Kedua, kepedulian dan keadilan pemerintah untuk berbagai kelompok di Indonesia secara merata. Alasan munculnya tindakan intoleransi dan radikalisme di Indonesia salah satunya adalah karena kecemburuan sosial dan perlakuan tidak setara yang mereka terima. Ketika satu kelompok lebih diprioritaskan daripada yang lain, jutsru akan memicu kelompok untuk bereaksi menuntut hak yang sama dengan cara yang ekstrem.
Pemerintah harus memastikan bahwa semua kelompok masyarakat mendapatkan perhatian dan perlakuan yang adil, untuk menciptakan keharmonisan sosial dan mengurangi potensi konflik. Dengan memberikan hak yang sama dalam berbagai aspek kehidupan, termasuk pendidikan, ekonomi, dan layanan sosial, rasa diperlakukan secara adil dan memiliki akses yang setara terhadap sumber daya dan peluang, rasa saling menghargai dan memahami akan tumbuh sedikit demi sedikit.
Ketiga, mempromosikan keberagaman lewat teknologi dan informasi. Alasan lain adanya fanatisme kelompok karena ketidaktahuan mereka terhadap kelompok yang lain sehingga mengarah pada kesalahpahaman, prasangka, dan bahkan kebencian terhadap yang dianggap berbeda. Di era yang serba digital saat ini kita dapat mempromosikan toleransi dengan cepat dengan memberikan informasi tentang berbagai keberagaman di Indonesia lewat media sosial yang memang digandrungi oleh masyarakat dari berbagai kalangan.
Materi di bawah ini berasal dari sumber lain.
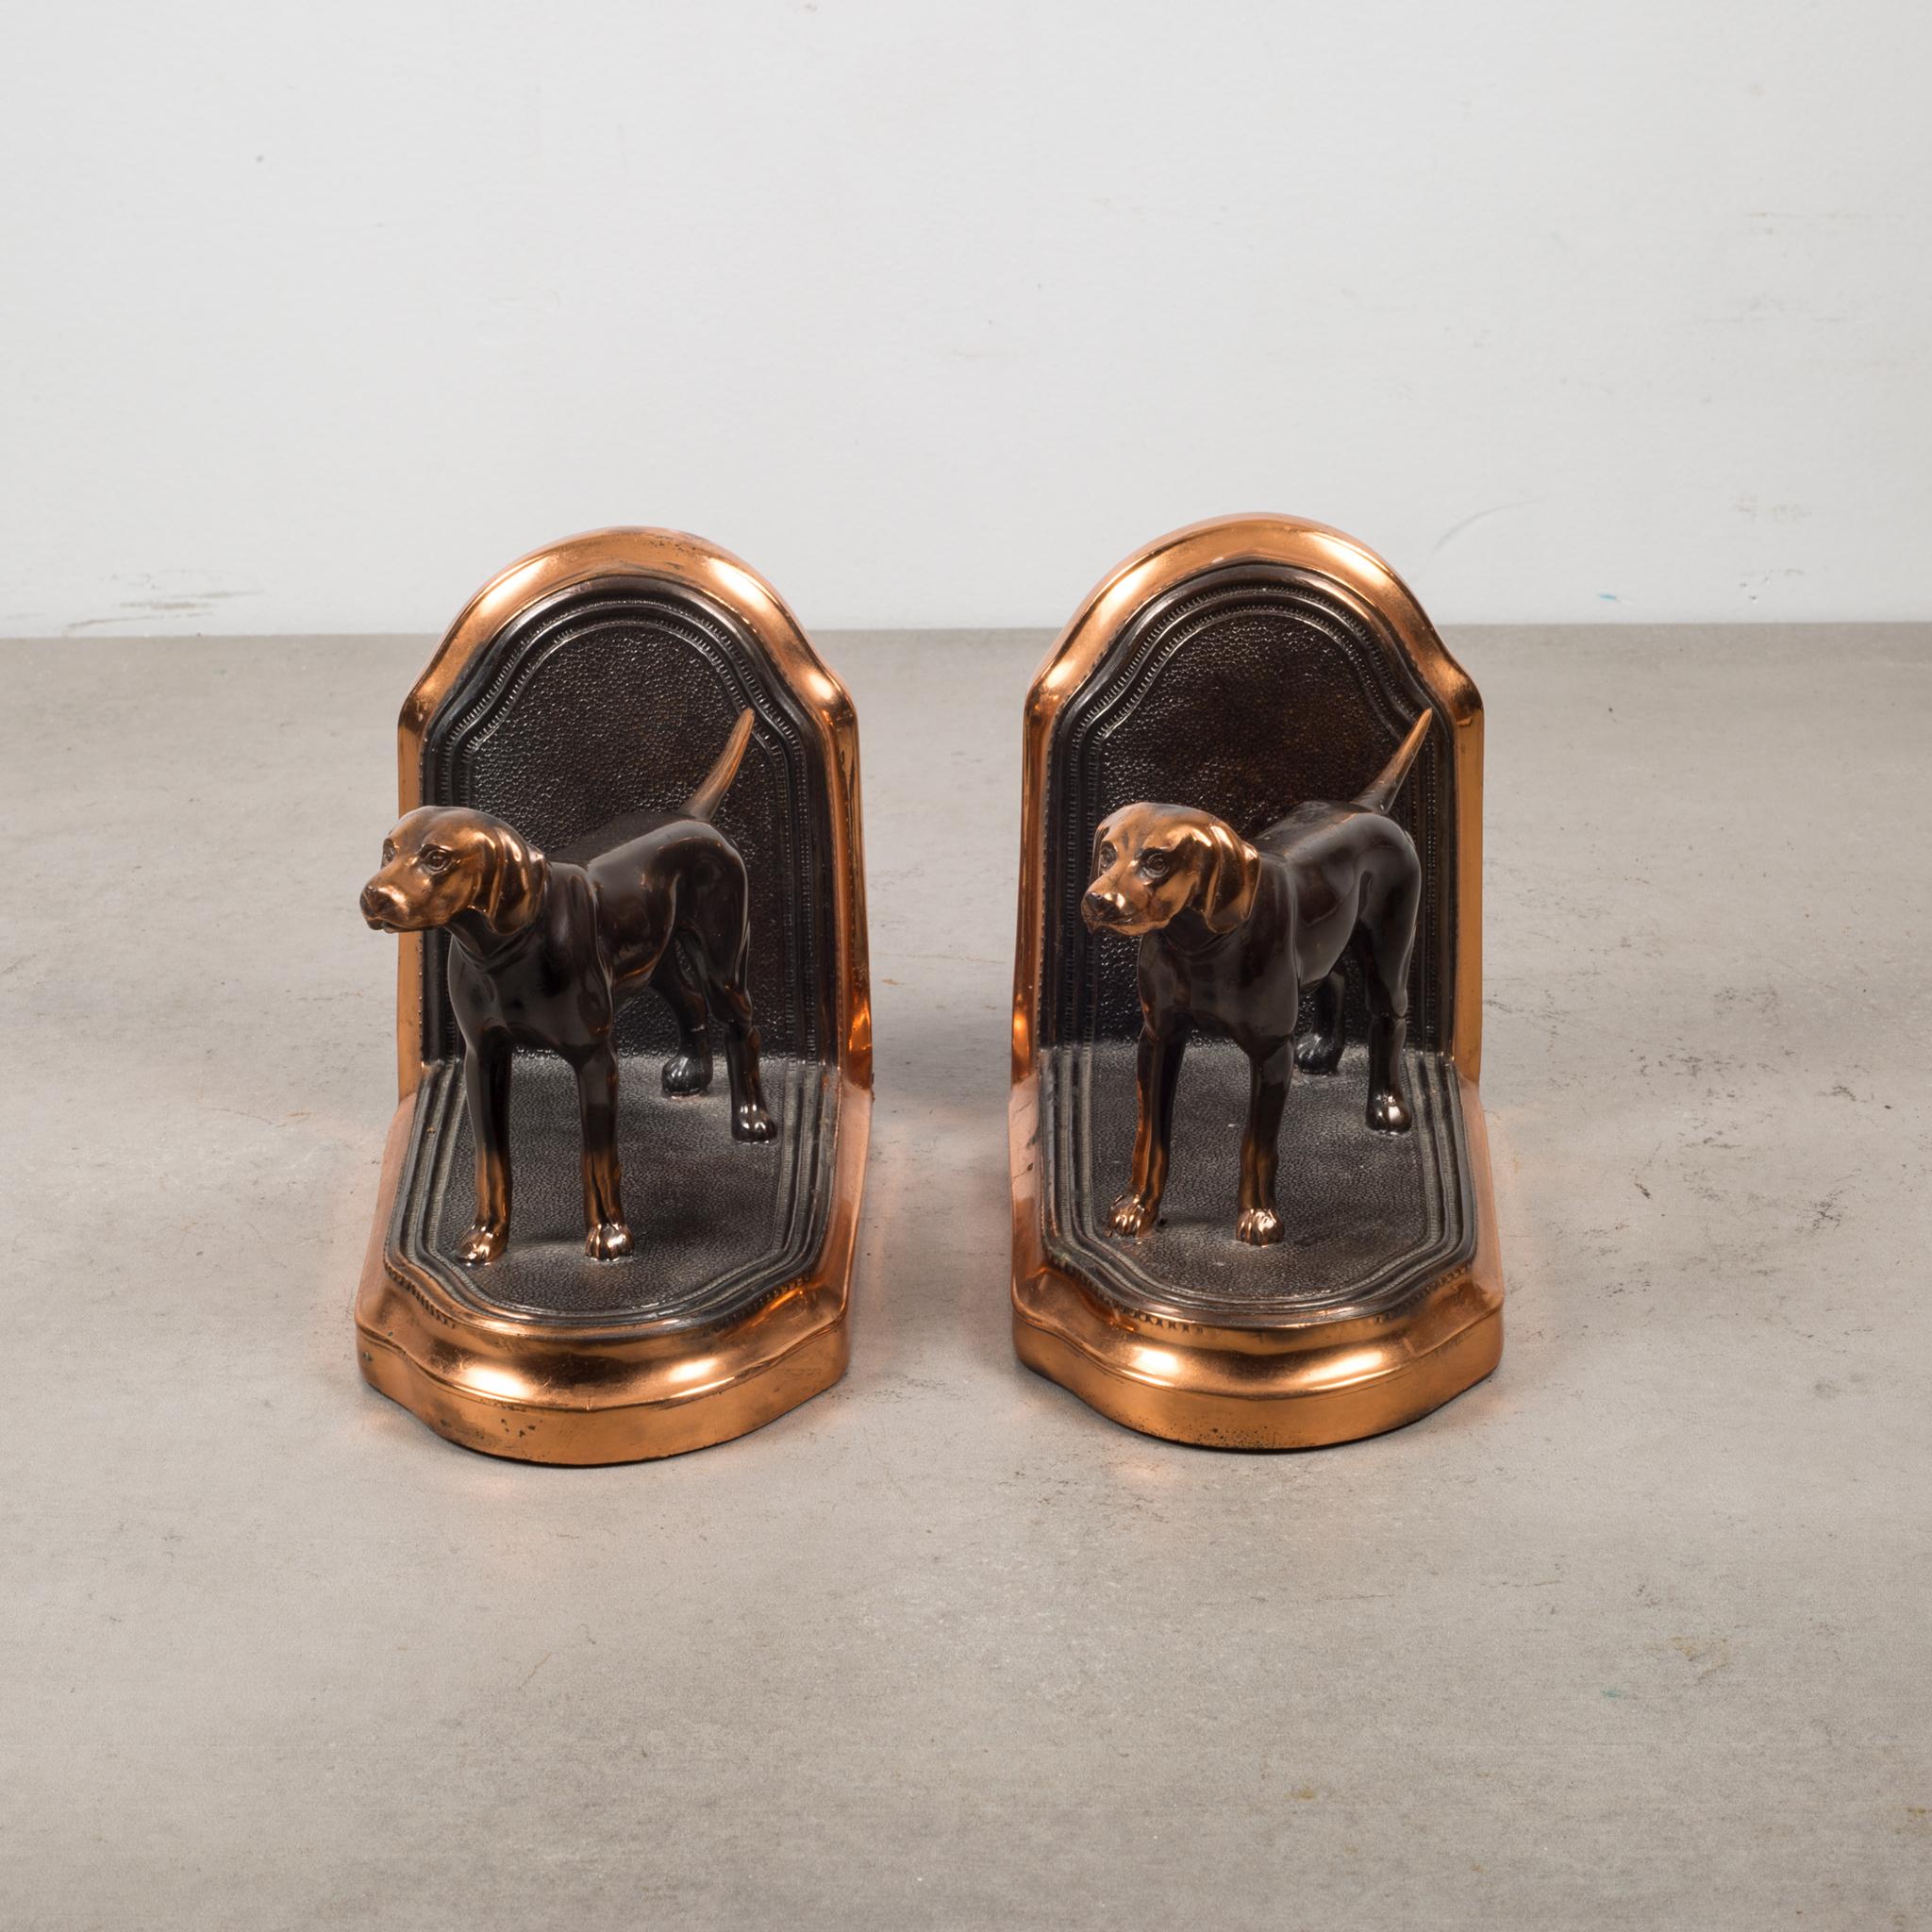 Industrial Copper-Plated Pointer Dog Bookends, circa 1940

Dengan memperbanyak konten-konten yang positif dan edukatif tentang kekayaan dan keberagaman yang dimiliki oleh Indonesia, kita dapat membentuk opini publik untuk mendukung keberagaman, menghargai perbedaan, dan mengedukasi tentang berbagai budaya, agama yang ada di negara ini. Karena konten media sosial dapat dinikmati oleh hampir semua masyarakat Indonesia tanpa mengenal suku, agama, dan budaya, maka secara tidak langsung kita dapat mengenalkan saudara sebangsa kita dengan lebih efektif.
Karena itu perbedaan ada untuk saling diterima dan dihargai, bangsa Indonesia ini bisa menjadi bangsa yang besar ketika masyarakatnya dapat mengenyampingkan kepentingan kelompoknya dan bergerak bersama untuk mewujudkan kesejahteraan yang dapat dinikmati semua kalangan tanpa memandang kelompok dan golongan.